[[ EXERCISE DATA open ]]

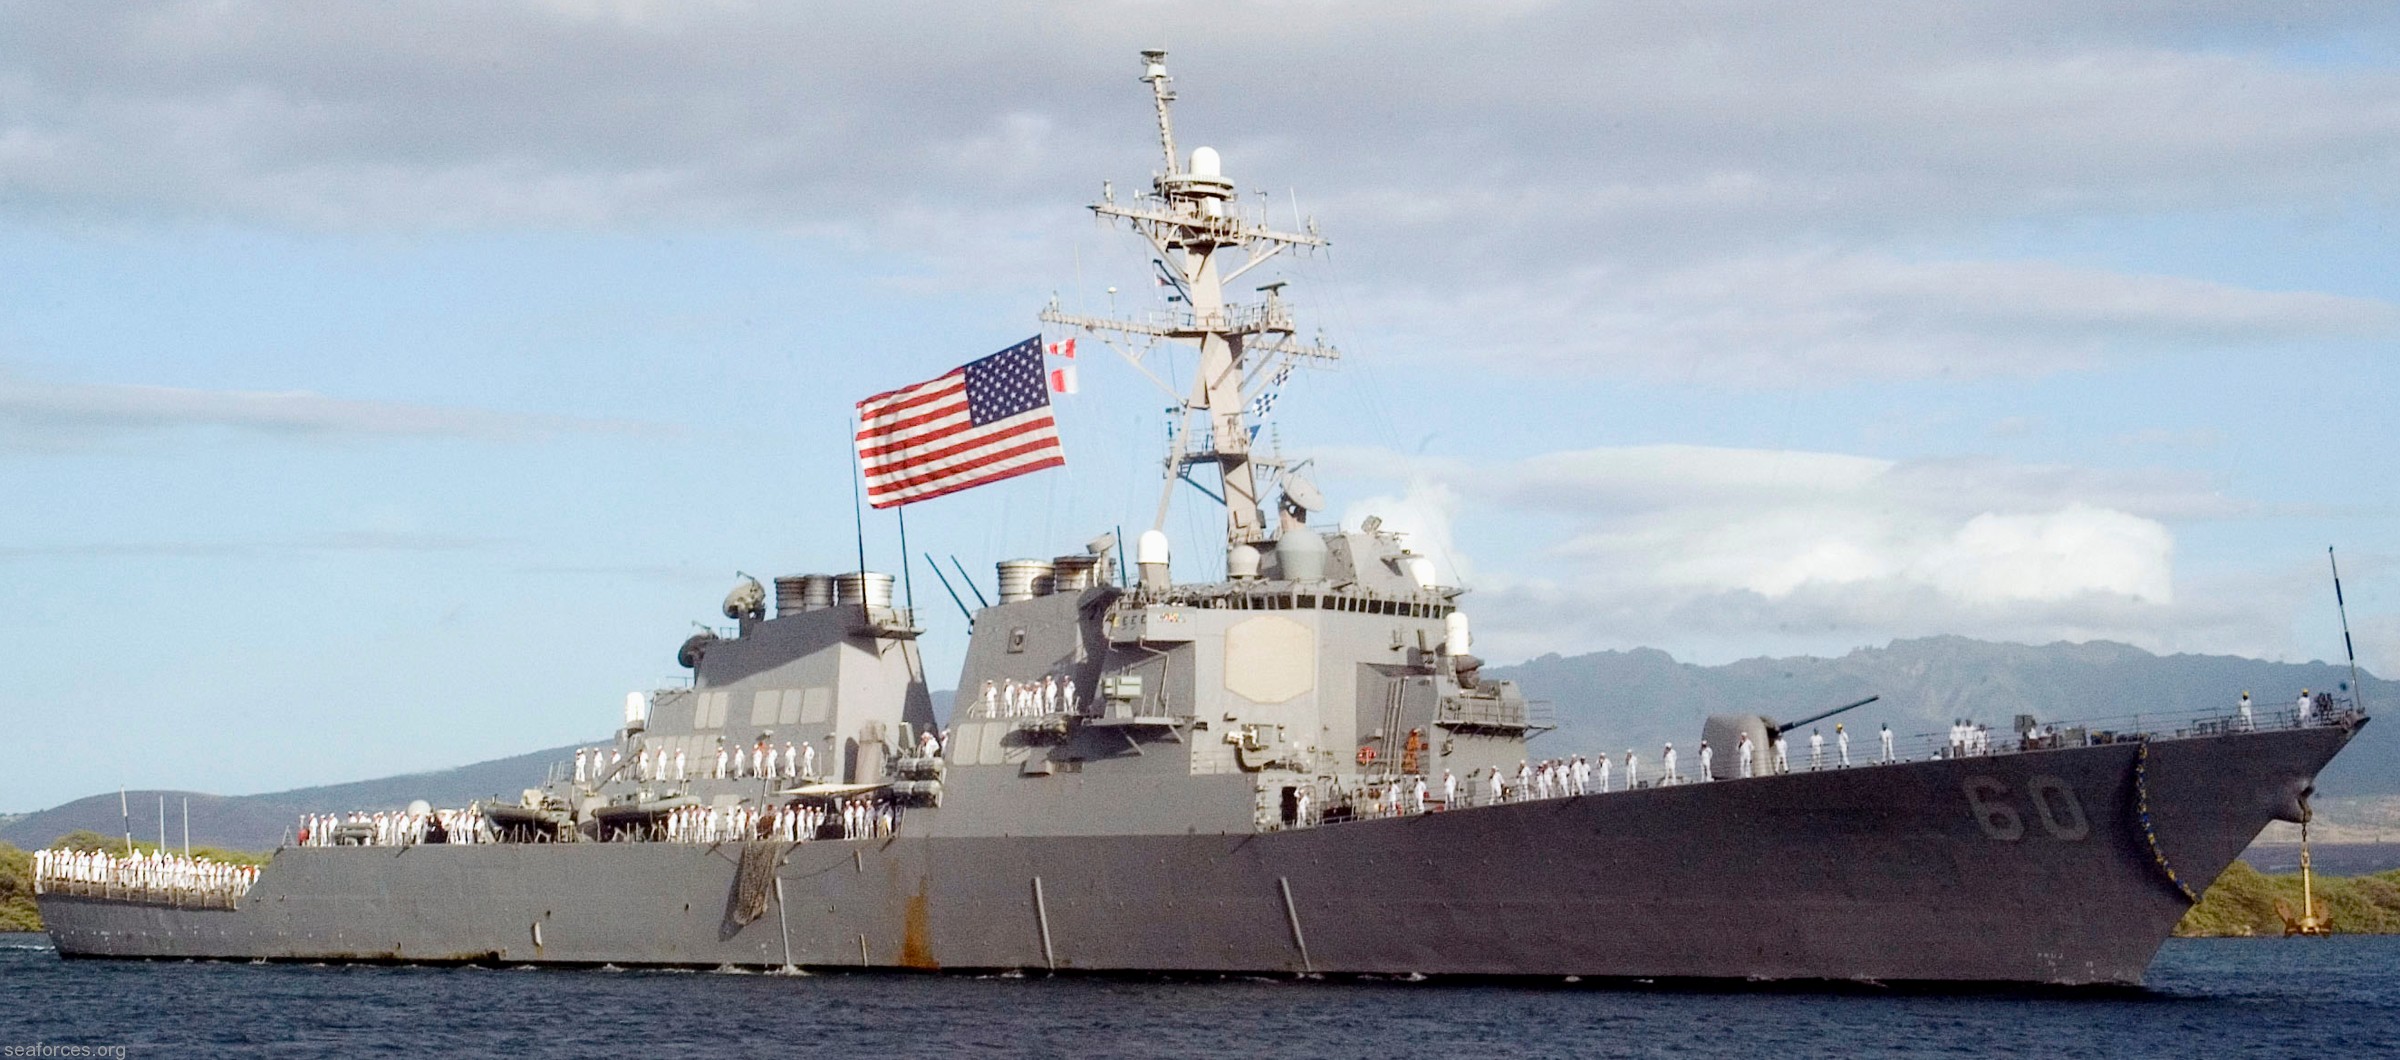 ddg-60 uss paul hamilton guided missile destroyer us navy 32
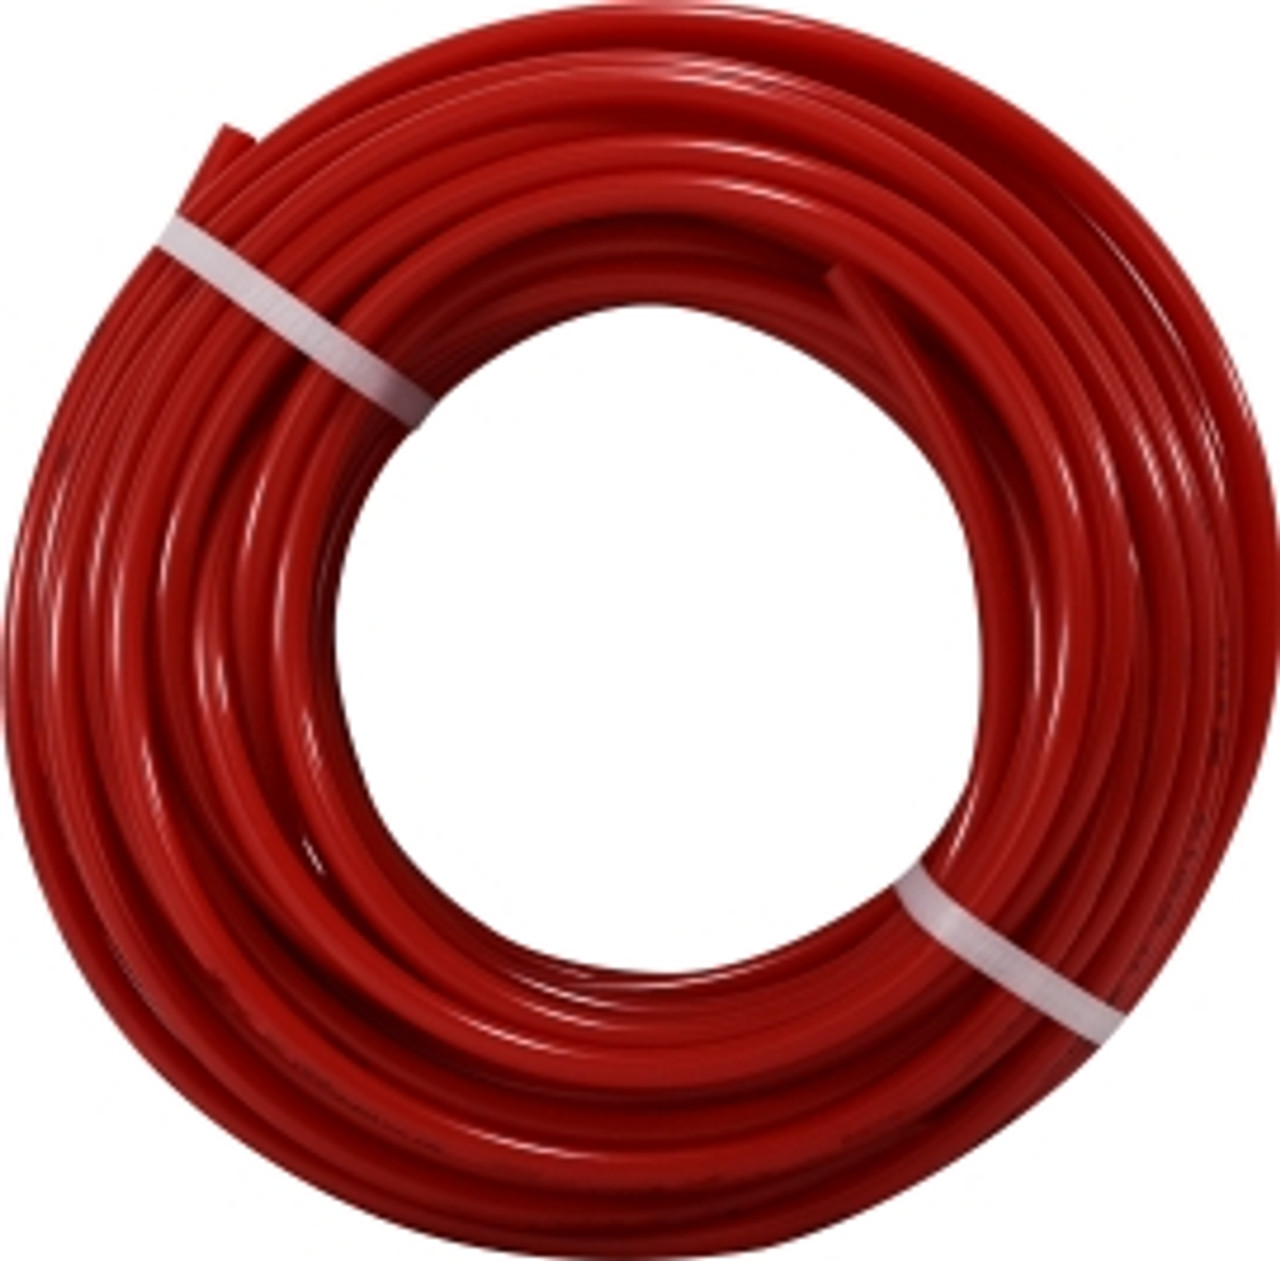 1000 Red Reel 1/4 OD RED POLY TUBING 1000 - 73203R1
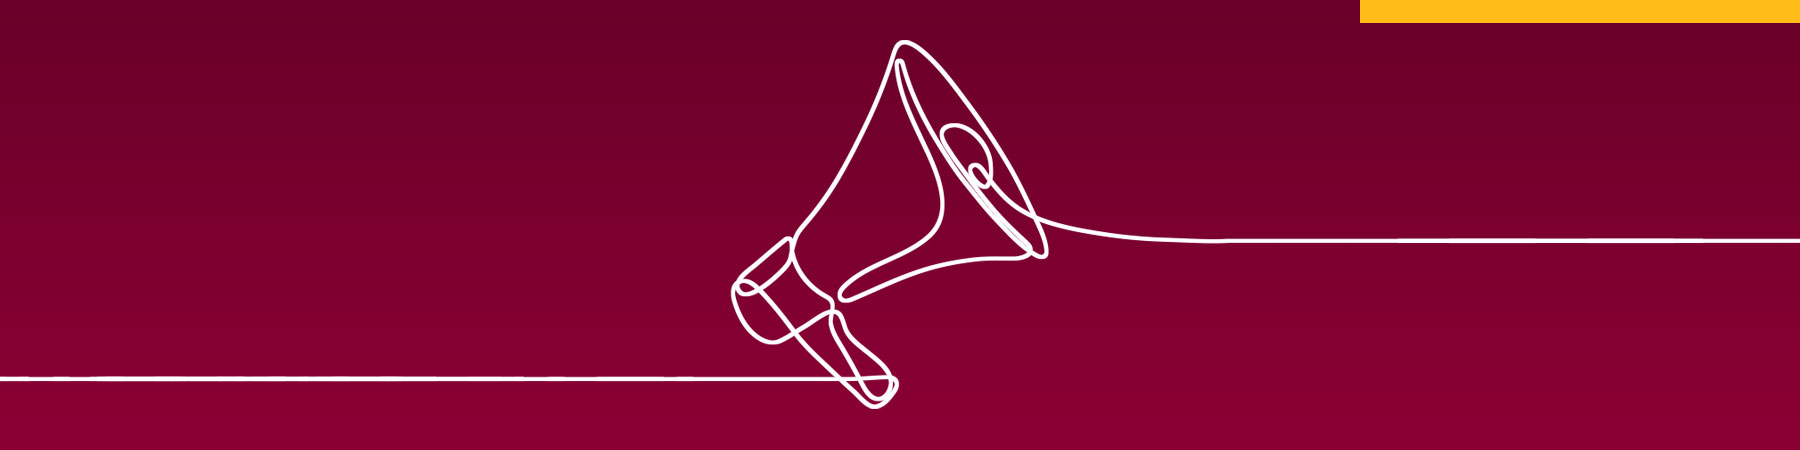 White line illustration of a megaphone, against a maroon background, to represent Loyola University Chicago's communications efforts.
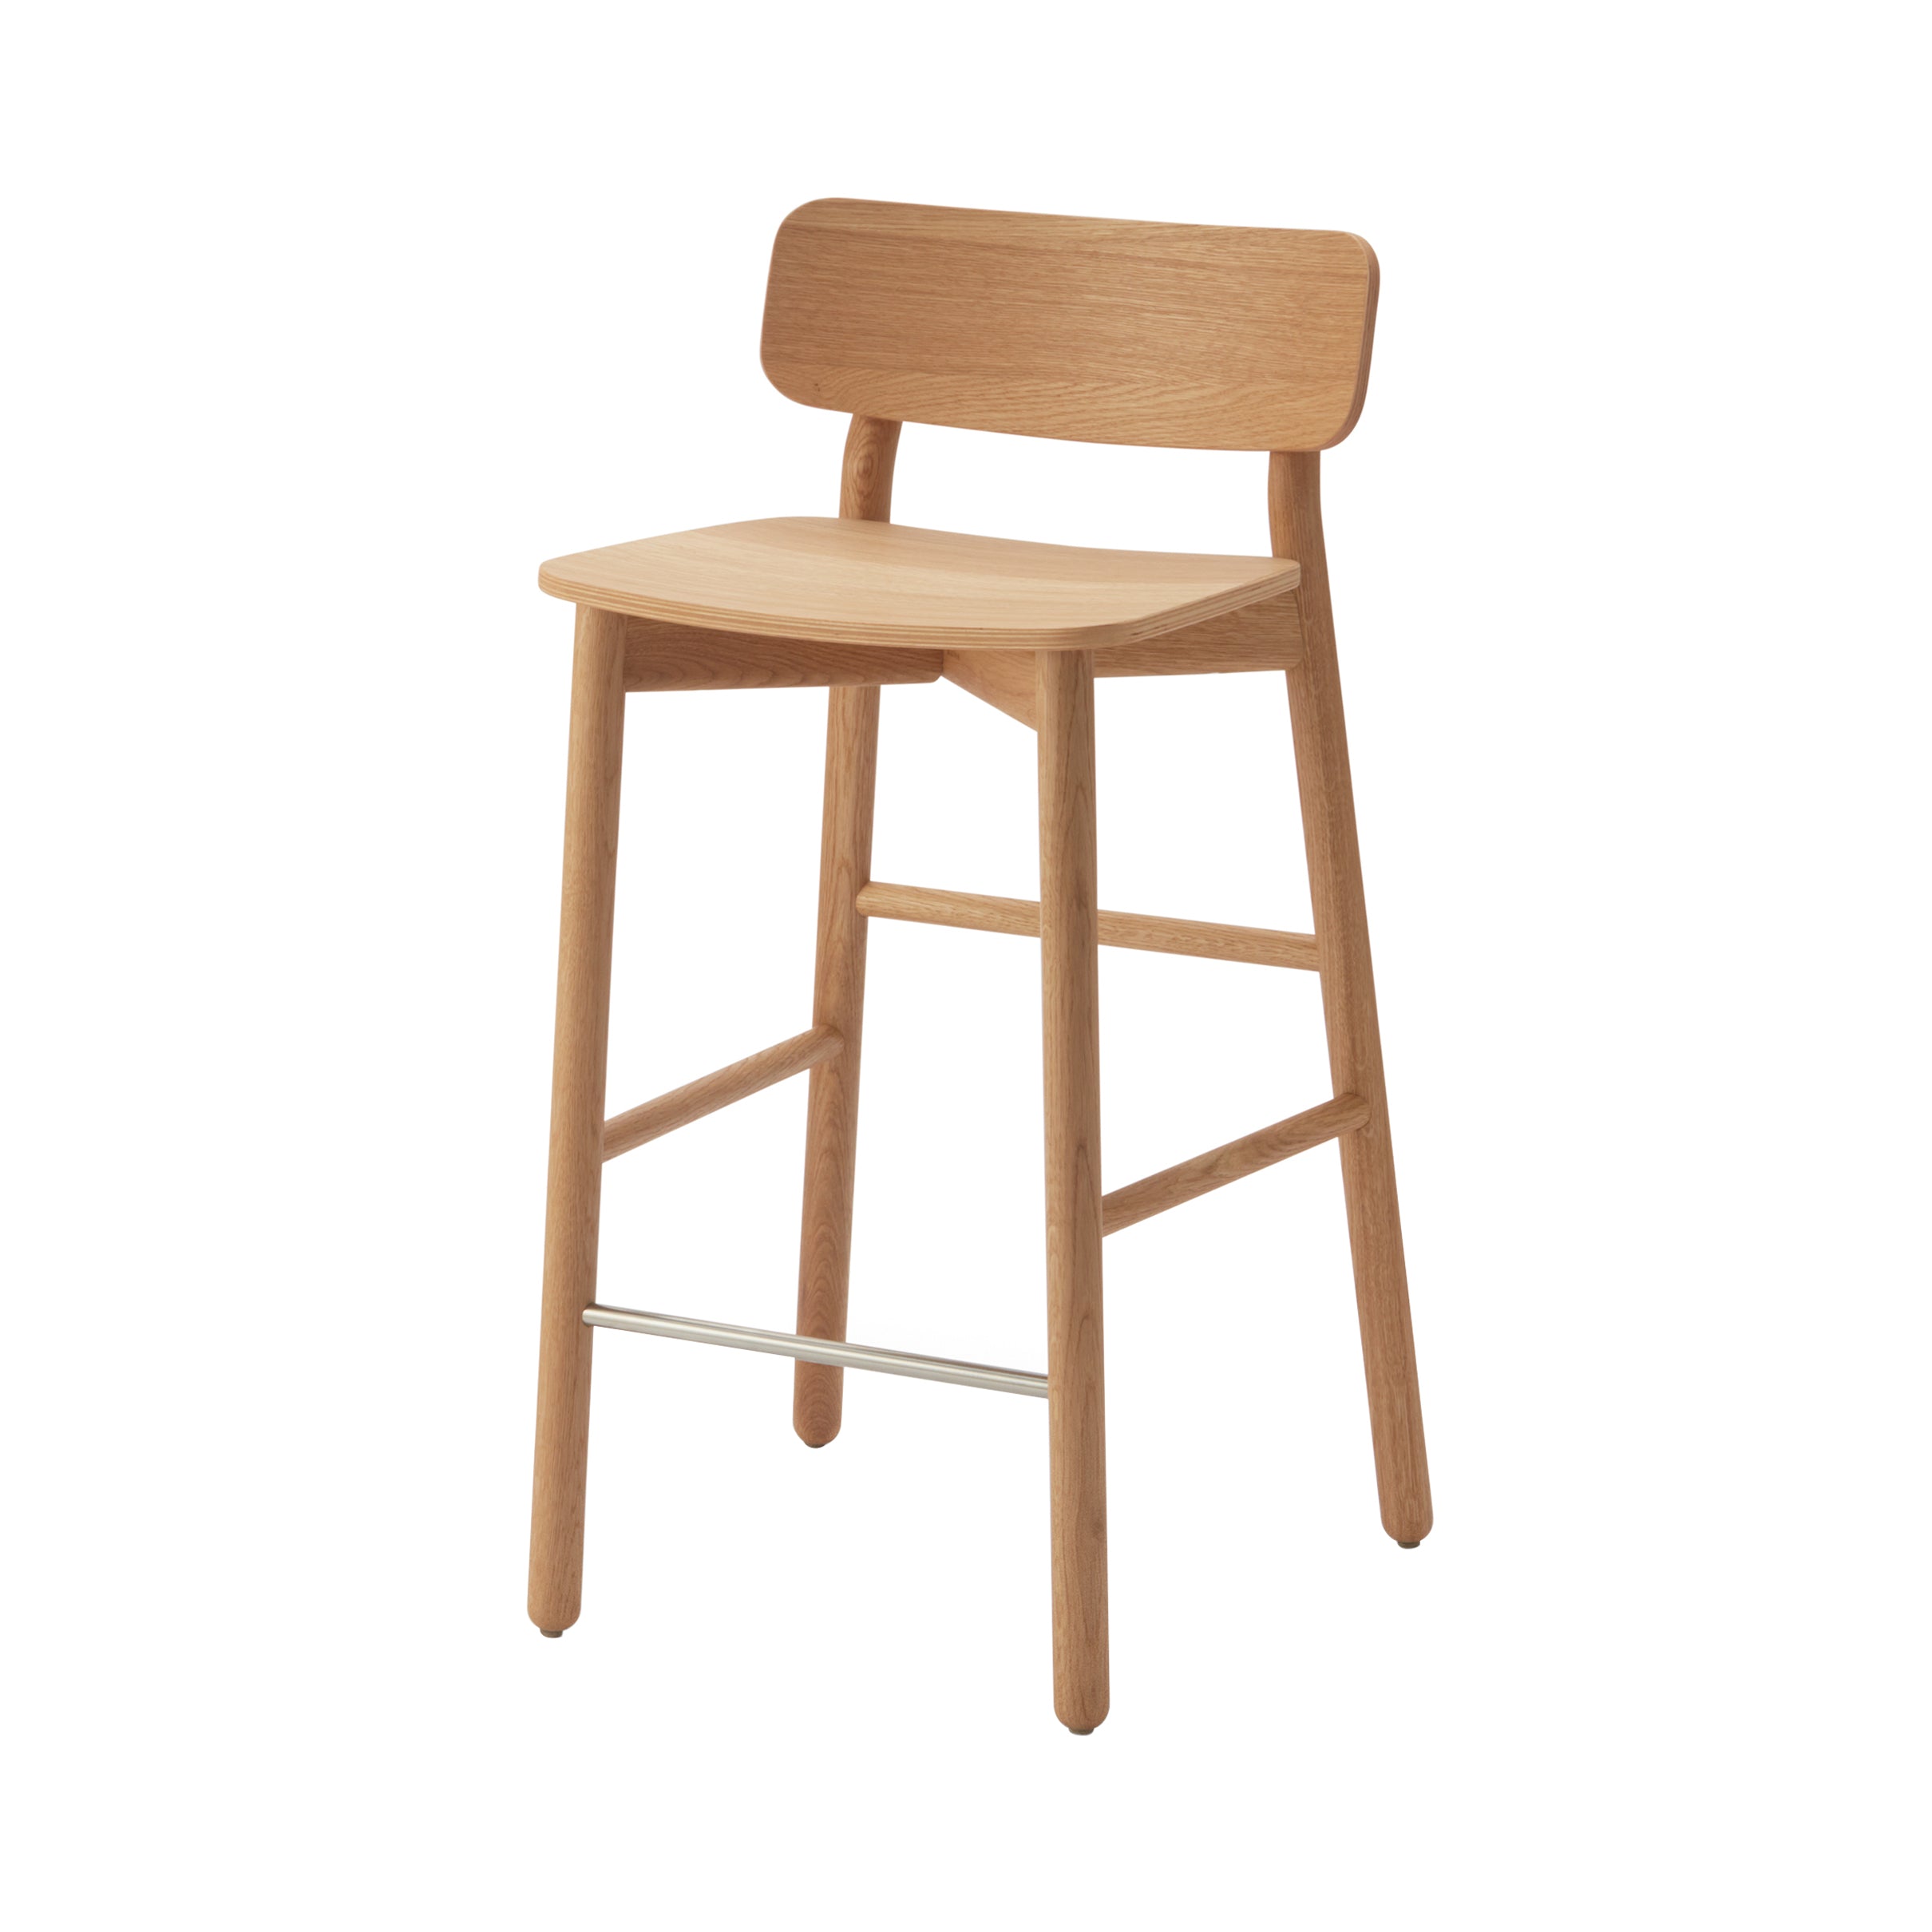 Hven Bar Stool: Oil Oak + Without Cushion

[[ EXERCISE DATA closed ]]

WHAT IS EXPECTED :: Restate word for word the lines beginning with the one that contains "1000 Red Reel" and ending with the last line of the listing; pictures stay out.

RESULT FOR THIS TASK ::
 1000 Red Reel 1/4 OD RED POLY TUBING 1000 - 73203R1
 White line illustration of a megaphone, against a maroon background, to represent Loyola University Chicago's communications efforts.
 Hven Bar Stool: Oil Oak + Without Cushion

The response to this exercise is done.